William Walter Kay reports that the Coastal Opportunities Fund received $60 million from six foundations (Hewlett, Moore, Packard, Rockefeller Bros, Tides Canada, and Nature Conservancy). Those funds were matched by the B.C. and federal governments and placed into two endowments, one devoted to rallying a legion of aboriginal eco-activists and the other devoted to "sustainable economic diversification" in north coast aboriginal communities. This, under the guise of environmentalism, diverts another separate transfer of tax dollars to B.C. natives via our ministry of environment, rather than the federal Indian Act payments.

Hundreds of international environmental non-governmental organizations activists are involved in demonizing the oil sands campaign.

In order to maintain their tax-exempt charitable status, all American philanthropic foundations are required to annually disperse five per cent of total assets in grants to causes related to the foundations' charters.

Such funds give billions of dollars annually to environmental non-governmental organizations, activist interveners they use to do their dirty work.

A result of this activist mega-financing is that the oil industry and our governments (us) are forced to spend billions of dollars to counter the false propaganda, some 4,000 anti-oil sands articles planted in the mainstream media and more each day.

We have to understand that the oil or any other industry does not absorb these costs, as it becomes a cost of doing business and gets passed on to us taxpayers and consumers, which reflects as higher energy bills at the pump.

There are more than 100,000 km of existing main trunk pipelines in Canada. Pipelines are the safest, most efficient method of liquid transport, compared to railcar tanker transport of chemicals we live with every day.

Rail corridors tend to parallel more rivers and streams than pipelines do. We would not even need an environmental review to ship crude oil by rail tanker car to coastal ports, except new or expanded terminals development.

Approximately 300,000 barrels/day are being shipped via rail tanker cars from Alberta and the northern U.S. Bakken oil fields to the Gulf of Mexico, at a cost of about $3 a barrel more than it would cost through the new Keystone Pipeline which will handle about 750,000 barrels/day when built.

At $3 per barrel more, railcar transport is a viable option when oil is around $100 per barrel. Perhaps the eco-activists should be careful what they wish for, as all Northern Gateway would need is a rail-to-ship terminal at Prince Rupert.

Eastern Canada and the U.S.A. have been shipping oil and other chemicals through the Maritimes, Great Lakes, and St. Lawrence Seaway, through pristine environments for more than 100 years. Oil has been shipped through the Port of Vancouver for more than 50 years.

It is unreasonable to expect to prevent shipping of product to or from Canada's west coast, the gateway to the Pacific Rim, the largest market in the world.

Every day, worldwide, approximately 40 seaborne tanker ships transport 44 million barrels of oil to market.

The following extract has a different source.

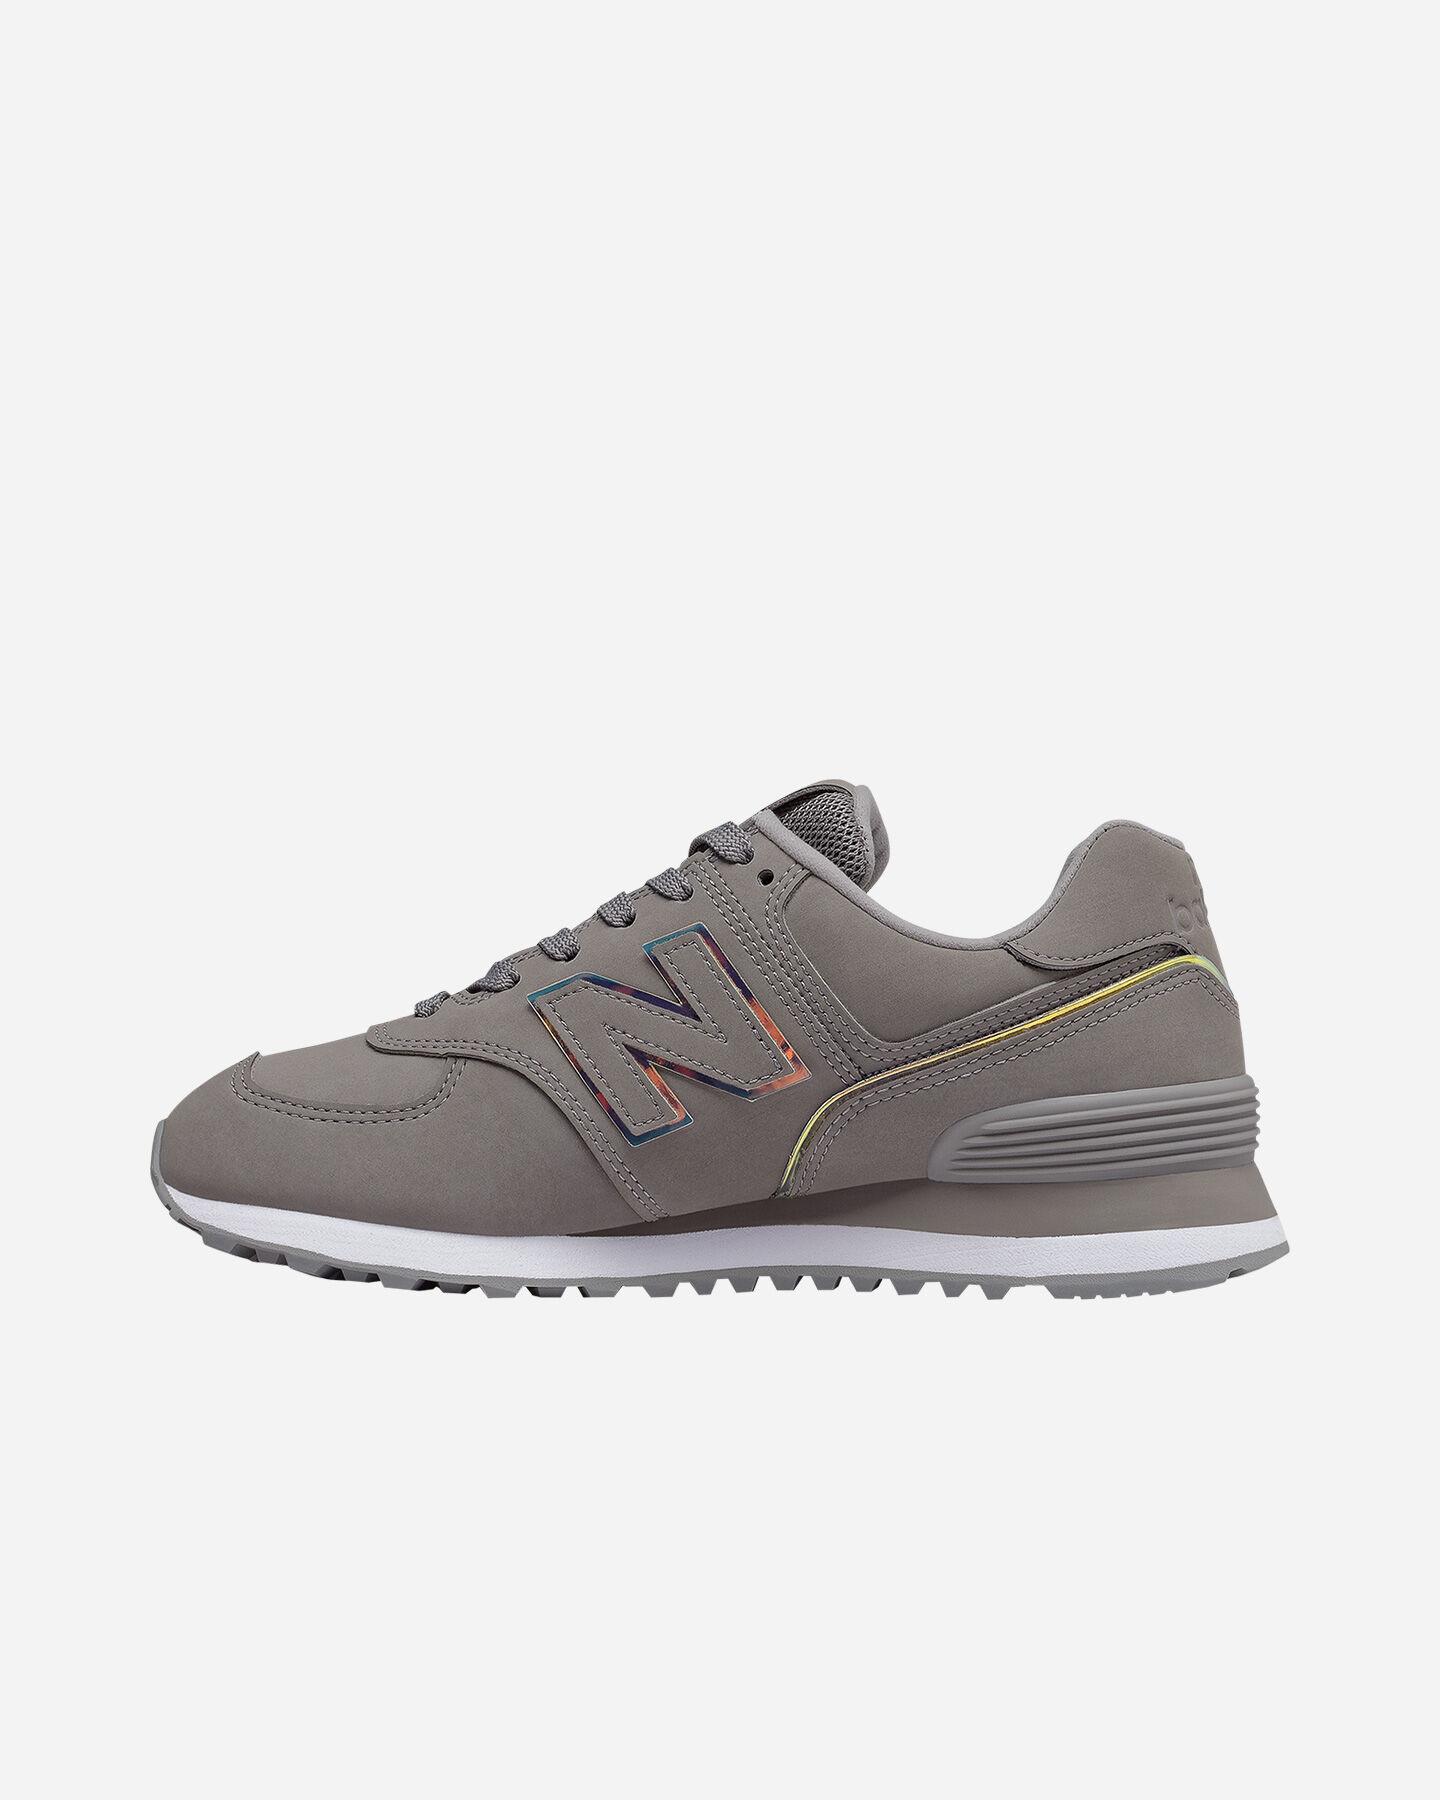 Scarpe sneakers NEW BALANCE 574 W S5237250 scatto 3

The eco-activists get agitated over the low risk of a spill, but don't consider the reality of nature. There are many natural bitumen and tar surface ponds on land (La Brea in downtown Los Angeles), and the ocean floor seeps oil constantly.

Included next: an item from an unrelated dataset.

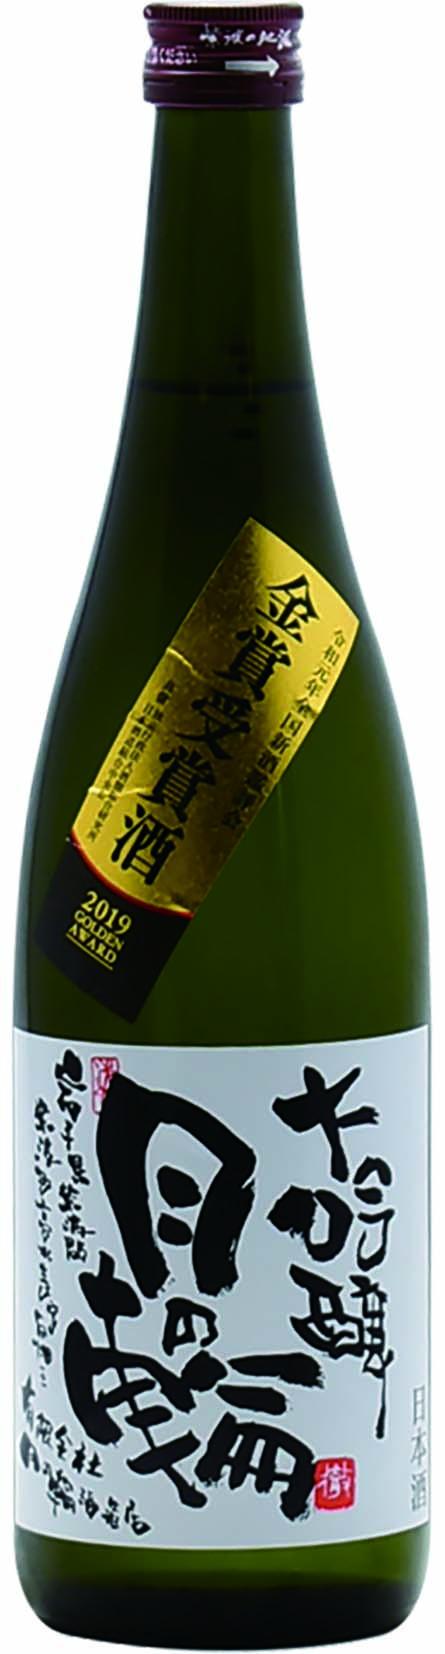 月の輪 金賞受賞酒 大吟醸

At Santa Barbara, California, large quantities of oil leak naturally from the sea-floor, in spite of 23 oil rigs extracting oil (relieving pressure buildup) from the offshore basins, and bitumen tar balls continue to naturally form on the beaches.

This is why it's absolutely imperative that Canada re-structure and get a grip on the environmental review process.

We taxpayers need to stop rewarding opposition groups who use Canada's generous laws to operate Big-Money enviro-activism against Canadian economic interests.

I hope Prime Minister Stephen Harper and his ministers can correct this mess and get it done. Canada is being held out as the last bastion of hope in the western world to fend off Big Money eco-bully radicalism.